Serving younger clients can help advisory businesses stay ahead of cultural and technological change, which ends up benefitting all of a firm’s clientele in the long run, she says.

2. Millennials Are Underserved

Millennials are a generational frontier for most of the financial services industry, but especially for advisors, she says. According to SEI’s survey, 74 percent of millennials do not have an advisor.

“There’s a lot of competition out there for traditional clients, but millennials are out there accumulating assets absent financial advice,” says Pohlig. “They want advice, but they don’t always want it now, and they don’t always want continuous financial planning. By the time they reach the age when they want continuous advice, if they’re not being served by advisors, they’ll have found a different channel and the opportunity will be gone.”

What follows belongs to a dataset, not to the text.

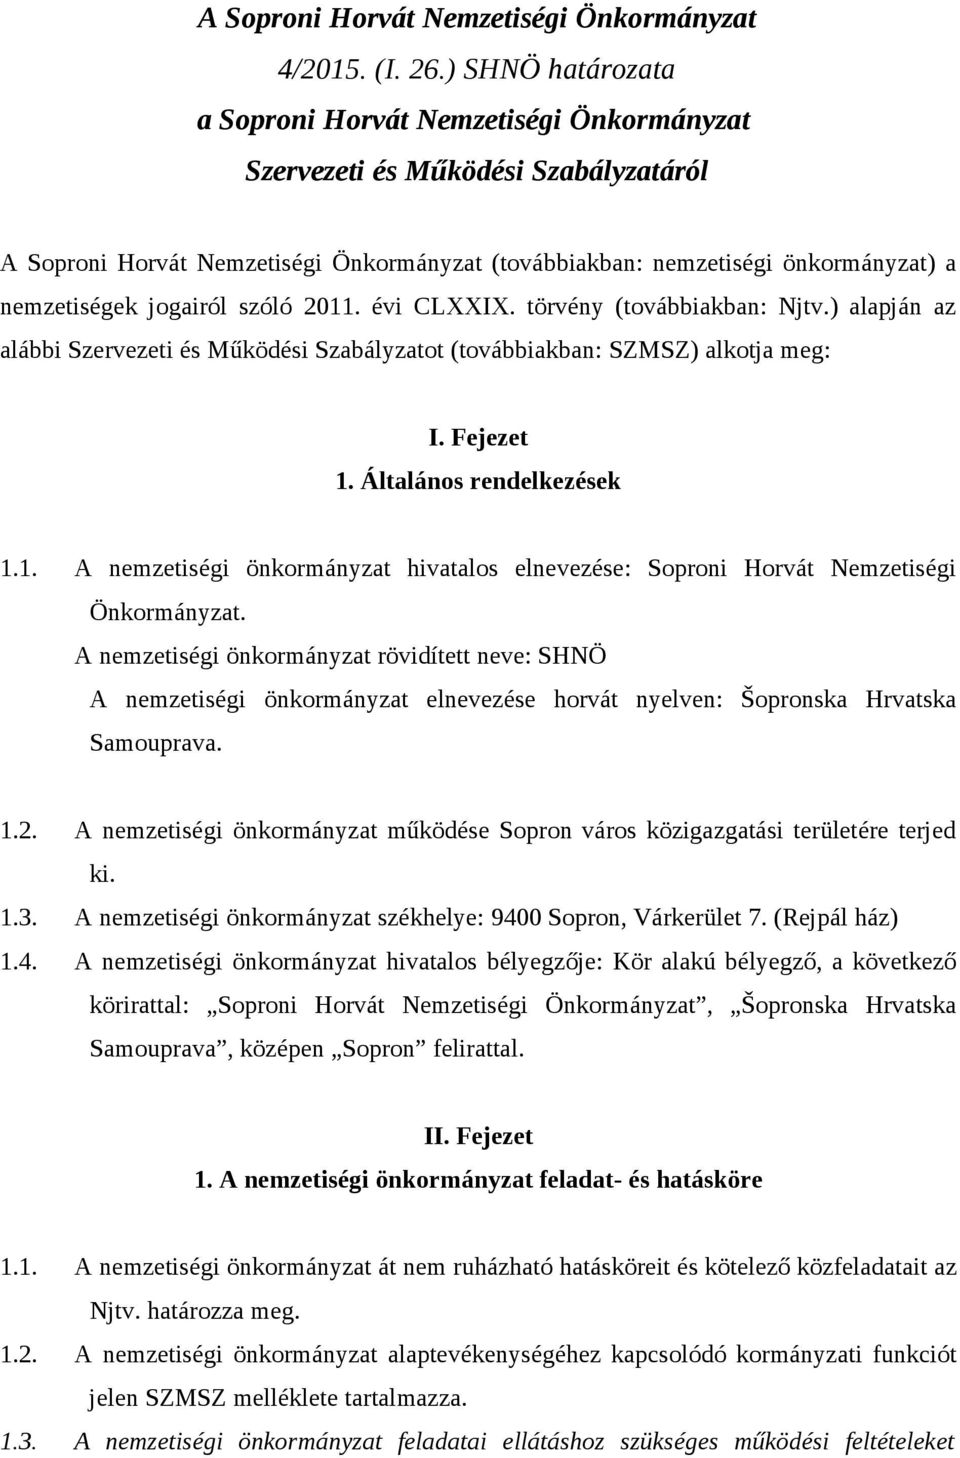 jogairól szóló 2011. évi CLXXIX. törvény (továbbiakban: Njtv.) alapján az alábbi Szervezeti és Működési Szabályzatot (továbbiakban: SZMSZ) alkotja meg: I. Fejezet 1. Általános rendelkezések 1.1. A nemzetiségi önkormányzat hivatalos elnevezése: Soproni Horvát Nemzetiségi Önkormányzat.

At the same time, millennials are demanding in-person financial advice—only 10 percent of the millennials in SEI’s study said that they would never seek out professional financial advice. SEI recommends that advisors offer planning around early-to-mid-life events, like marriages, child birth or homebuying, in order to meet the needs of a relatively untapped pool of quality clients.

3. Millennials Are Many Of Your Clients’ Heirs

Millennials will be recipients of the largest wealth transfer in human history, which SEI pegs at around $30 trillion. Millennials are going to demand a lot of advice to help them manage those inheritances.

“If advisors don’t reach out to these heirs, they’re going to take their inherited assets and go elsewhere,” says Pohlig. “Advisors need to make sure that the first time they talk to a millennial heir is well before the elder client passes on.”

Advisors with baby boomer clients are well positioned to serve their clients' adult children with advice now, before a wealth transfer takes place, and doing so might be the key to retaining assets after an elder client dies, she says.